Em uma declaração em vídeo durante uma visita a Israel, o ministro das Relações Exteriores do Malaui, Eisenhower Mkaka, considera a decisão um "passo ousado e significativo".

Por  Ariel Kahana


O Malauí disse na terça-feira que abrirá uma embaixada completa para Israel em Jerusalém, tornando-se a primeira nação africana a fazê-lo na cidade.


Uma declaração em vídeo durante uma visita a Israel, o ministro das Relações Exteriores do Malaui, Eisenhower Mkaka, chamou a decisão de "um passo ousado e significativo".

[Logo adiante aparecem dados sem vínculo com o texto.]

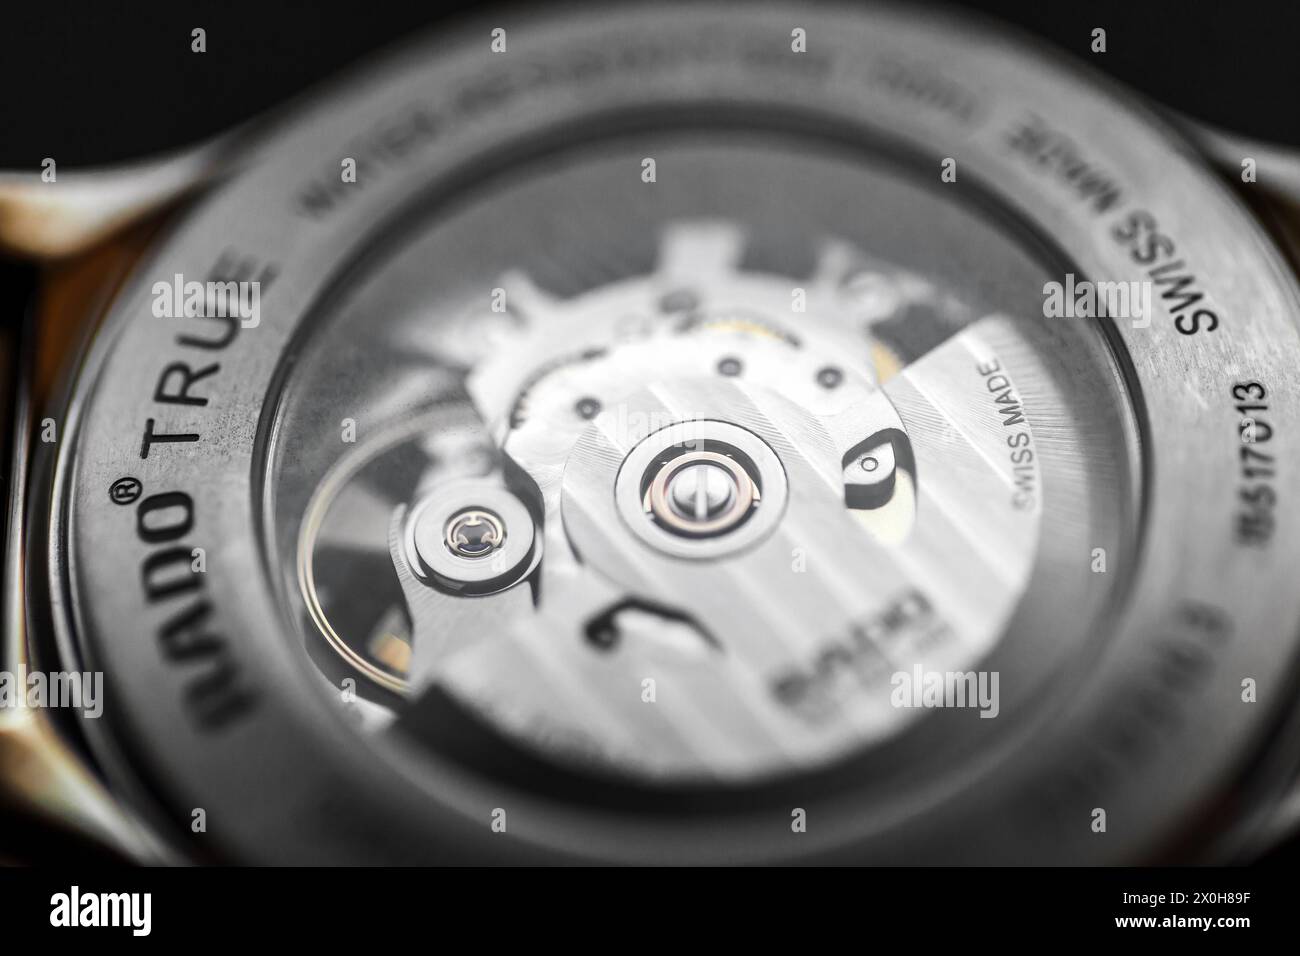 Lengnau, Suisse - 11 novembre 2021 : le mouvement de la montre est derrière le boîtier arrière transparent de la montre-bracelet mécanique à remontage automatique suisse Rado Automati Banque D'Images

Ele parabenizou Israel por suas relações emergentes com países árabes e muçulmanos sob acordos mediados pelos EUA, incluindo novos laços com o país africano Sudão, que Israel saudou como o início de uma "nova era" na região.


O ministro das Relações Exteriores, Gabi Ashkenazi, disse ao lado de Mkaka:

"Estou ansioso pela abertura de sua embaixada em breve e tenho certeza de que mais líderes africanos seguirão essa decisão".

A embaixada deve ser inaugurada no verão de 2021, disse o Ministério das Relações Exteriores.

Solicitado a confirmar a decisão da embaixada, Brian Banda, assessor do presidente do Malaui, Lazarus Chakwera, disse:

"Sim, está indo em frente, embaixada completa em Jerusalém".

O Malawi é um país de maioria cristão com 21 milhões de habitantes, mas não tem embaixada em Israel.

O embaixador não residente de Israel no Malaui, Oded Joseph, está baseado em Nairóbi, Quênia.

O Embaixador de Israel nas Nações Unidas, Gilad Erdan, elogiou o anúncio do Malaui. "Obrigado, Malaui, por reconhecer a verdade histórica de que Jerusalém é a capital eterna do povo judeu e do Estado de Israel", ele tuitou.


O presidente dos EUA, Donald Trump, que busca a reeleição na terça-feira, enfureceu os palestinos ao reconhecer Jerusalém como a capital de Israel no final de 2017.

Ele transferiu a embaixada dos EUA para lá no ano seguinte.

A Guatemala mudou sua embaixada para Jerusalém logo depois, e Honduras disse que pretende fazer o mesmo até o final de 2020.

O Brasil e a República Dominicana também estão considerando a mudança.